Chris Wallace interviews Mitch McConnell about the Consumer Financial Protection Bureau director.
WALLACE: What’s your problem with an agency that would protect consumers from mortgage lenders, from debt collectors and student lenders?
MCCONNELL: Yes, here’s the problem: this new agency answers to no one, absolutely no one — another unelected czar. We’ve got a bunch of those in the White House. We don’t need any more of them. And the only way we can incentivize the administration to change this agency which isn’t subject to oversight by Congress, doesn’t get its money from Congress, answers to literally to no one — it’s one individual who could bring down the banking system in this country if he chose to, has unlimited power. No one has that kind of power.

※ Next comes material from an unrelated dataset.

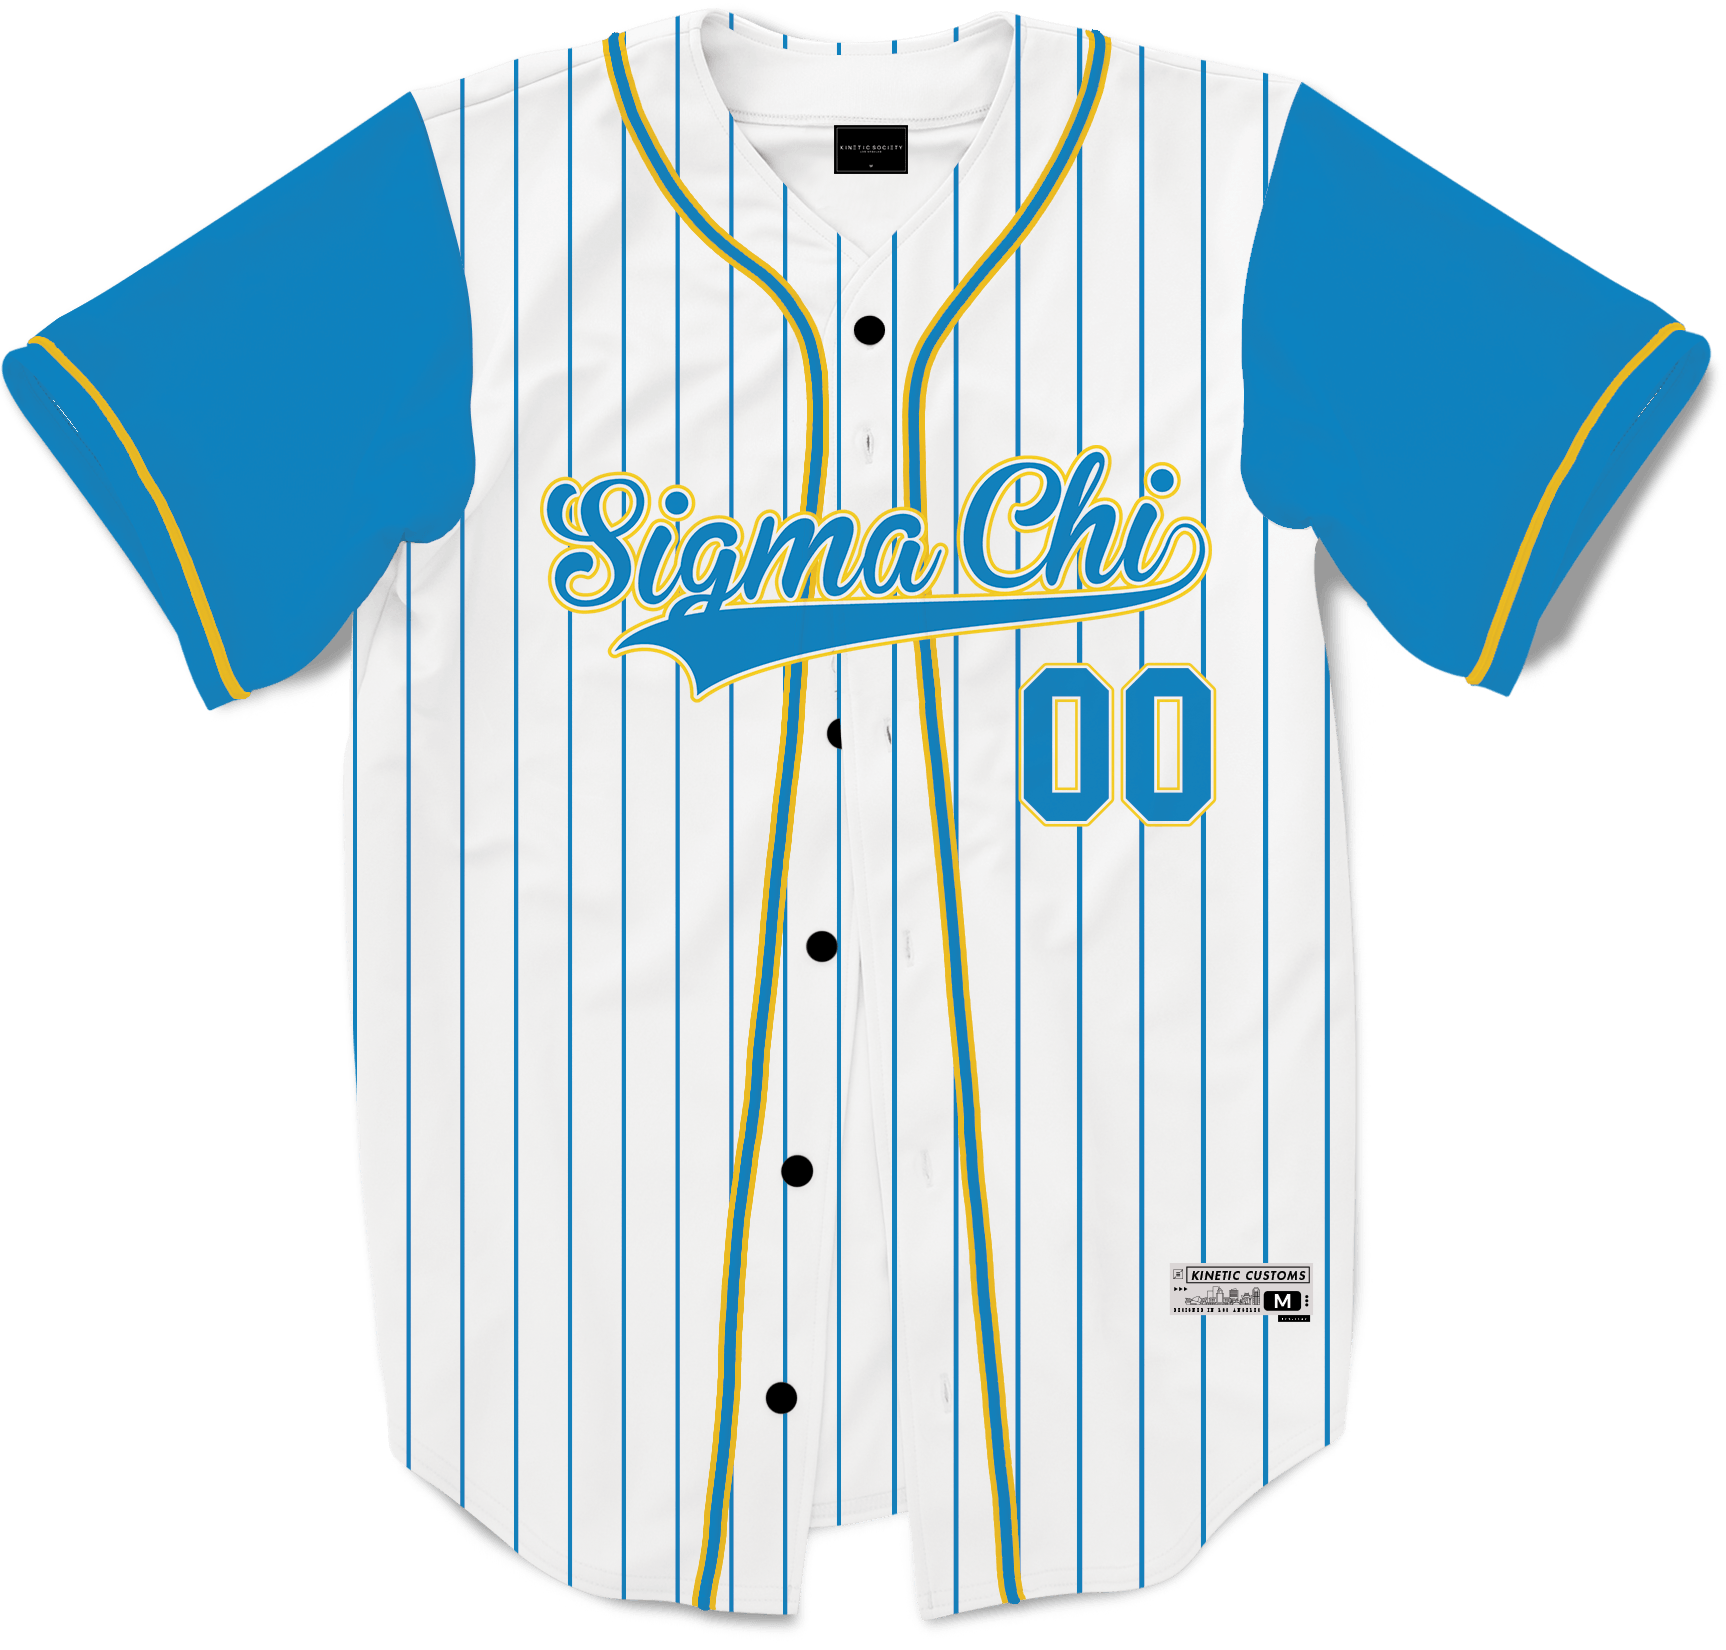 baseball jersey outline

I doubt Wallace corrected McConnell -- such is the state of our lazy MSM; Talking Points Memo
did. The CFBP was created by congress, which stipulated that it have a director. TPM goes on to say
...[I]t’s simply a lie to say that the CFPB director has unlimited power and is subject to no oversight. As we explained last week, the CFPB, unlike any of the other federal financial system regulators, can have it’s rules struck down by a vote of the Financial Stability Oversight Council (FSOC), a panel composed of the heads of the bank regulatory agencies, the Treasury Secretary, and the Federal Reserve Chairman. No other financial regulator is subject to this sort of check. Theoretically, the FSOC could veto each and every rule that the CFPB makes.